Generate flamegraphs (requires `cargo-flamegraph`):

```bash
./scripts/profile.sh dense
```

## Examples

[**01_basic_ops.rs**](examples/01_basic_ops.rs) -- The three core similarity metrics (dot product, cosine, L2 distance) and their mathematical relationships. Proves the identity `L2^2(a,b) = 2(1 - cosine(a,b))` for normalized vectors, showing that cosine and L2 are interchangeable for ranking.

[**batch_demo.rs**](examples/batch_demo.rs) -- PDX-style columnar layout for batch retrieval. Transposes 10K vectors (128d) into column-major order, runs 100 queries, and verifies k-NN results against brute-force. Demonstrates the cache-friendly memory access pattern that enables auto-vectorization.

[**binary_demo.rs**](examples/binary_demo.rs) -- Binary (1-bit) quantization for first-stage retrieval. Quantizes 384d vectors to packed bits (32x memory reduction: 150 MB vs 4.6 GB for 1M documents), computes Hamming distance and binary dot product, and measures recall@10 against full-precision search.

[**fast_math_demo.rs**](examples/fast_math_demo.rs) -- Newton-Raphson rsqrt approximation for fast cosine similarity. Benchmarks the hot path in ANN search (640 distance calls per query in HNSW at 1M scale), measures 3-10x speedup over standard cosine at `<1e-4` error, and shows architecture-specific SIMD dispatch.

[**matryoshka_search.rs**](examples/matryoshka_search.rs) -- Two-stage retrieval using Matryoshka embeddings. Uses a 128d prefix for coarse filtering (100 candidates from 10K corpus), then rescores with full 768d vectors to produce the final top-10. Measures recall and speedup vs single-stage search.

[**maxsim_colbert.rs**](examples/maxsim_colbert.rs) -- ColBERT-style late interaction scoring. Computes MaxSim (sum of per-query-token maximum similarities across document tokens) for 32 query tokens x 128 doc tokens at 128d. Demonstrates non-commutativity and batch scoring of 1000 documents.
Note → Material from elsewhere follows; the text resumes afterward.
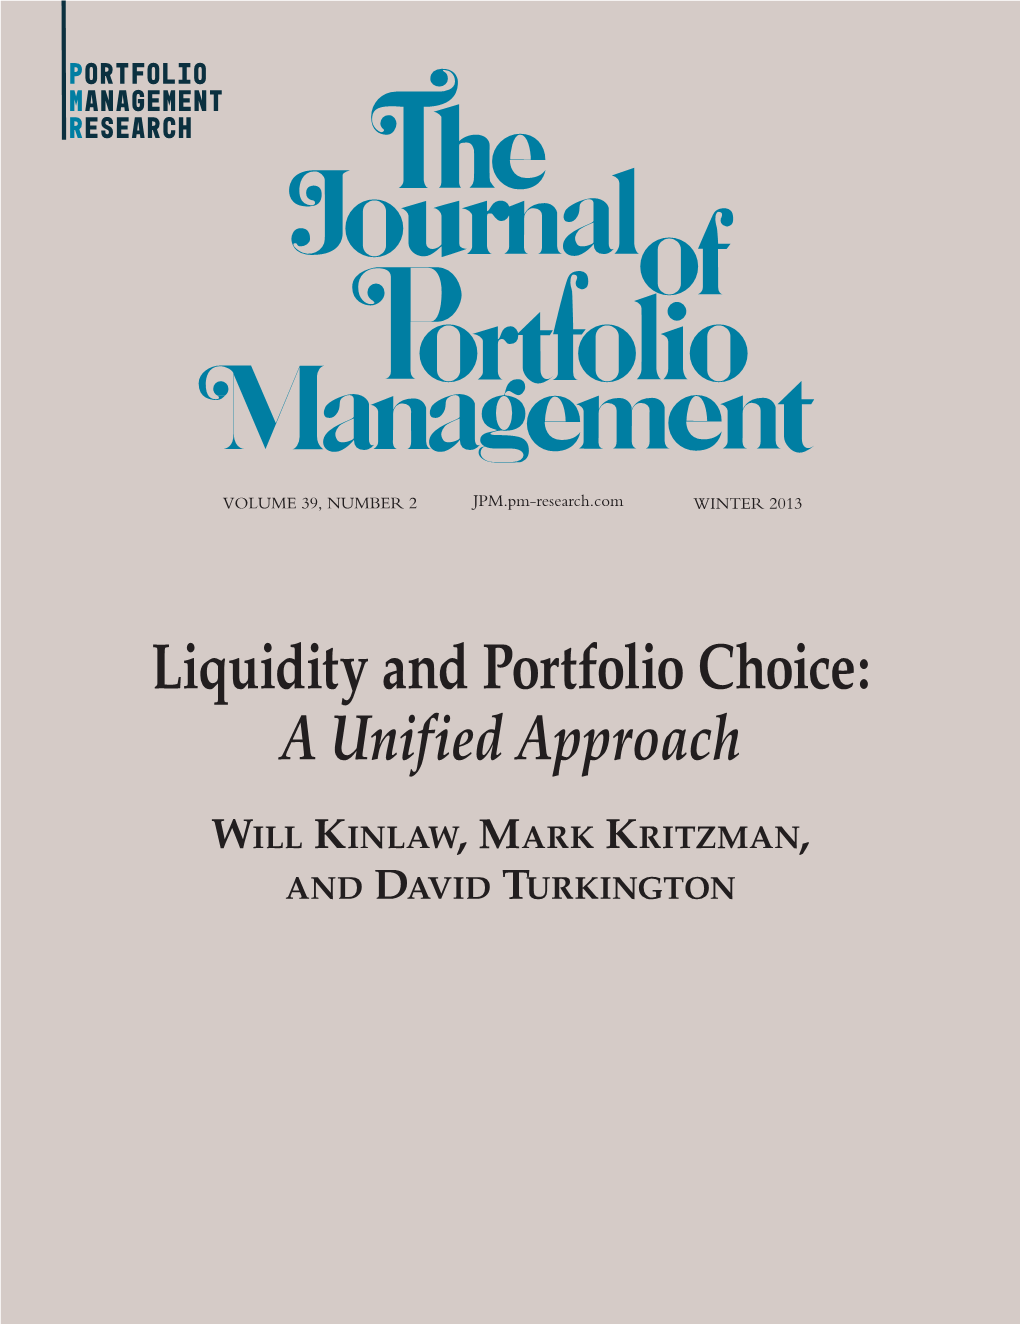 Liquidity and Portfolio Choice: a Unified Approach

[**ternary_demo.rs**](examples/ternary_demo.rs) -- Ternary (1.58-bit) quantization for extreme compression. Quantizes 768d vectors to `{-1, 0, +1}` (16-20x memory reduction: 90 MB vs 3.1 GB for 1M documents), measures recall trade-offs, and analyzes sparsity patterns.

```bash
cargo run --example 01_basic_ops
cargo run --example batch_demo
cargo run --example binary_demo
cargo run --example fast_math_demo
cargo run --example matryoshka_search
cargo run --example maxsim_colbert
cargo run --example ternary_demo
```

## Tests

```bash
cargo test -p innr
```

## License

Dual-licensed under MIT or Apache-2.0.